Meskipun manusia itu bahan penciptaannya dari tanah (jadi sama dengan bahannya cowek/cobek) tapi oleh Alloh Ta’ala manusia itu jadikan makhluk yang pa-ling mulya. Sehingga derajatnya manusia itu bisa lebih mulya dari tanah, lebih mulya dari tumbuh-tumbuhan, lebih mulya dari hayawan, lebih mulya dari jin, lebih mulya dari syaithon, bahkan lebih mulya dari Malaikat. Sebagaimana diterangkan dalam Alqur-an :
WALAQOD KARROMNAA BANII AADAM.
Artinya : “Dan sungguh-sungguh kami mulyakan Bani Adam”.
Akan tetapi (jadi ada tapinya) kemulyaan manusia yang melebihi semua makhluk itu ada yang tetap tersandang, ada yang tidak tetap, ada yang tambah meningkat, ada pula yang jatuh. Adapun yang jatuh itu :
Ada yang jatuh sampai ketingkat benda (jadi kembali ke tingkat bahannya), sebagaimana yang tersebut dalam Alqur-an :
KAL HIJAAROTI AU ASYADDU QOSWAH.
” Laksana batu bahkan lebih keras lagi “.
Ada yang jatuh ketingkat laba-laba.
KAMATSALIL ‘ANGKABUT.
“ Seperti laba-laba (kemlandingan) “
Ada yang jatuh ketingkat ternak.
ULAA-IKA KAL AN-’AAM.
” Mereka itu seperti hayawan ternak “.
Jadi bentuknya tetap bentuk manusia tapi martabatnya sudah jatuh ketingkat hayawan ternak, seperti kambing, sapi, kerbau dan seterusnya.
Ada yang jatuh ketingkat kera.
KUU-NUU QIRODATAN KHOOSYI-IIN
” Mereka itu seperti kera yang hina “.
Ada yang jatuh ketingkat babi.
WAL KHONAAZIIRI.
” Menjadi babi “.
Ada yang jatuh ketingkat anjing.
FAMATSALUHU KAMATSALIL KALBI.
Maka perumpamaannya itu seperti anjing.
Ada yang jatuh ketingkat syaithon.
SYAYAATHIINAL INSI WAL JINNI.
Syaithon berbentuk manusia dan berbentuk jin.
Jadi meskipun manusia itu asalnya mulya tapi bisa juga jatuh ketingkat yang rendah atau hina.

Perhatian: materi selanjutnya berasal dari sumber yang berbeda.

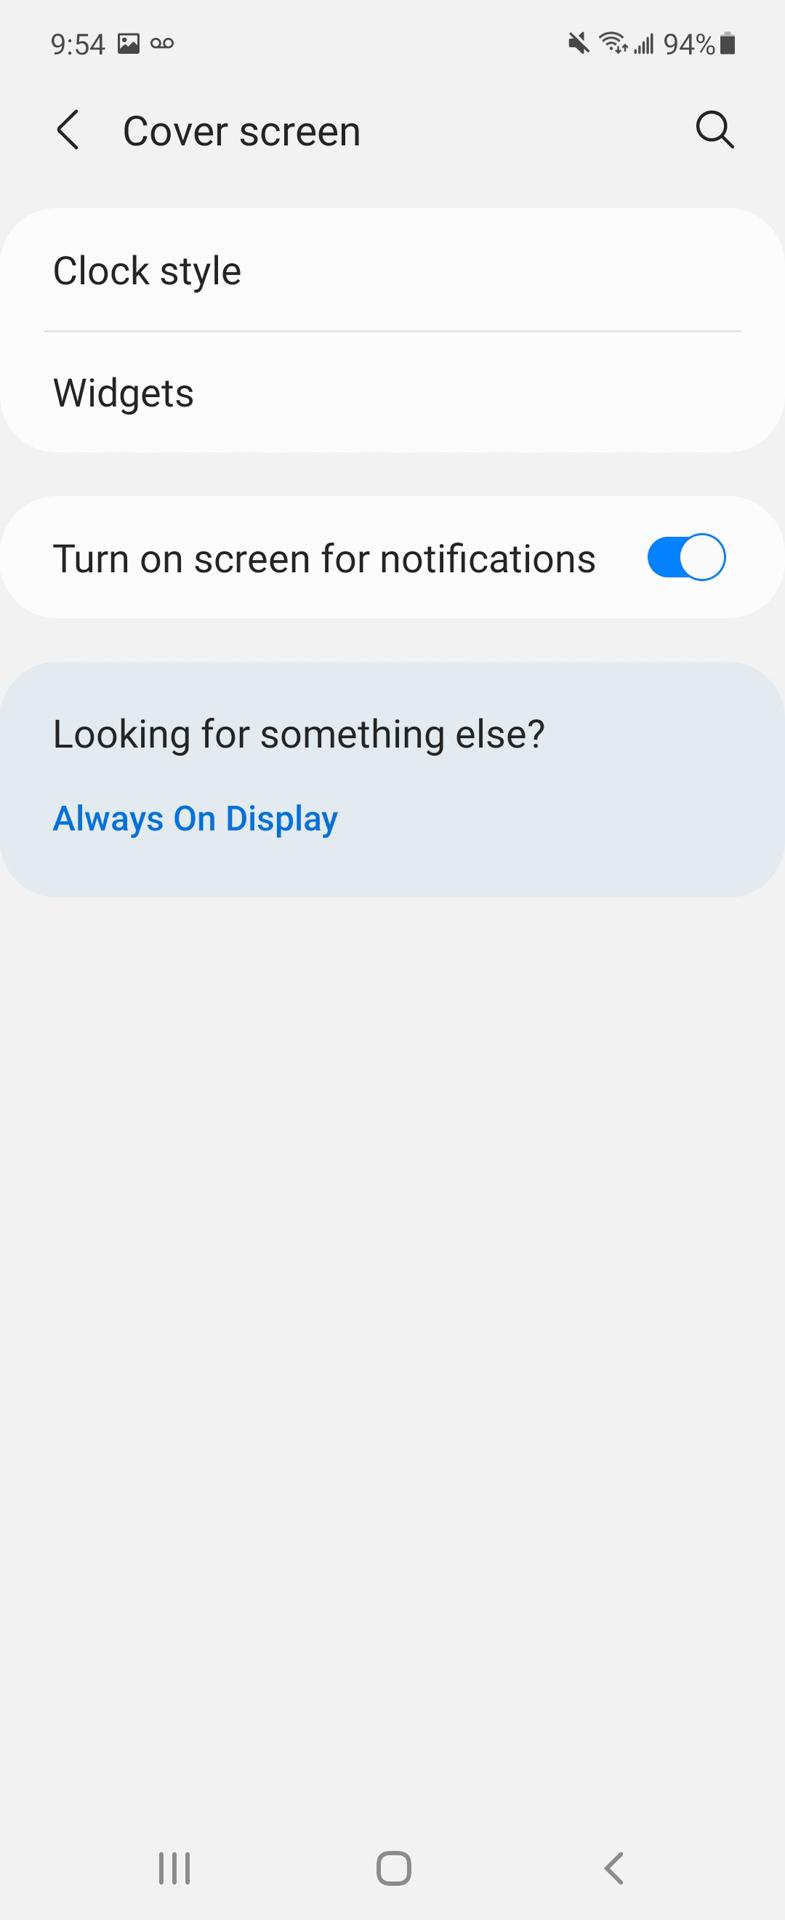 Samsung Galaxy Z Flip 3 Cover Screen controls

Dan supaya manusia tidak jatuh ketingkat yang rendah maka Alloh Ta’ala membuat aturan. Jadi adanya aturan-aturan itu adalah untuk melindungi atau menjaga martabat manusia yang sangat tinggi itu agar tidak jatuh ketingkat yang rendah. Dan penjagaan atau perlindungan itu bahasa Arabnya adalah Taqwa. Makanya dalam Alqur-an diterangkan :
INNA AKROMAKUM ‘INDALLOOHI ATQOOKUM.
Artinya : “Sesungguhnya semulya-mulya diantara kamu bagi Alloh adalah yang paling taqwa diantara kamu”. (Al hujurot ayat 11)
Adapun TAQWA itu asalnya adalah dari kata WAQWA . WAQOO – YAQII – WIQOOYATAN.
Kemudian WAWU nya pada kalimat WAQWA dibuang, diganti dengan TA’, jadilah kalimat TAQWA. Dan WAQWA atau TAQWA itu artinya penjagaan atau perlindungan atau pembentengan. Jadi TAQWA itu adalah penjagaan atau perlindungan atau pembentengan martabat manusia (kedudukan manusia / kemulyaan manusia).
Adapun benteng TAQWA itu berlapis lapis (ada 4 lapis), yaitu :
  • Benteng lapis pertama berupa perintah-perintah Alloh yang bersifat dhohir.
  • Benteng lapis kedua berupa larangan-larangan Alloh yang bersifat dhohir.
  • Benteng lapis ketiga berupa perintah-perintah Alloh yang bersifat bathin.
    Seperti perintah shobar, perintah tawakkal, perintah dermawan, perintah ikhlas dan seterusnya.
  • Benteng lapis ke empat berupa larangan-larangan Alloh yang bersifat bathin.
    Seperti larangan takabbur (sombong), larangan riya’ (ingin dipuji), larangan nifak, larangan syirik dan lain sebagainya.
Dan kalau diri kita sudah bisa terbentengi dengan 4 lapis tembok taqwa itu, insya Alloh martabat kita akan tetap.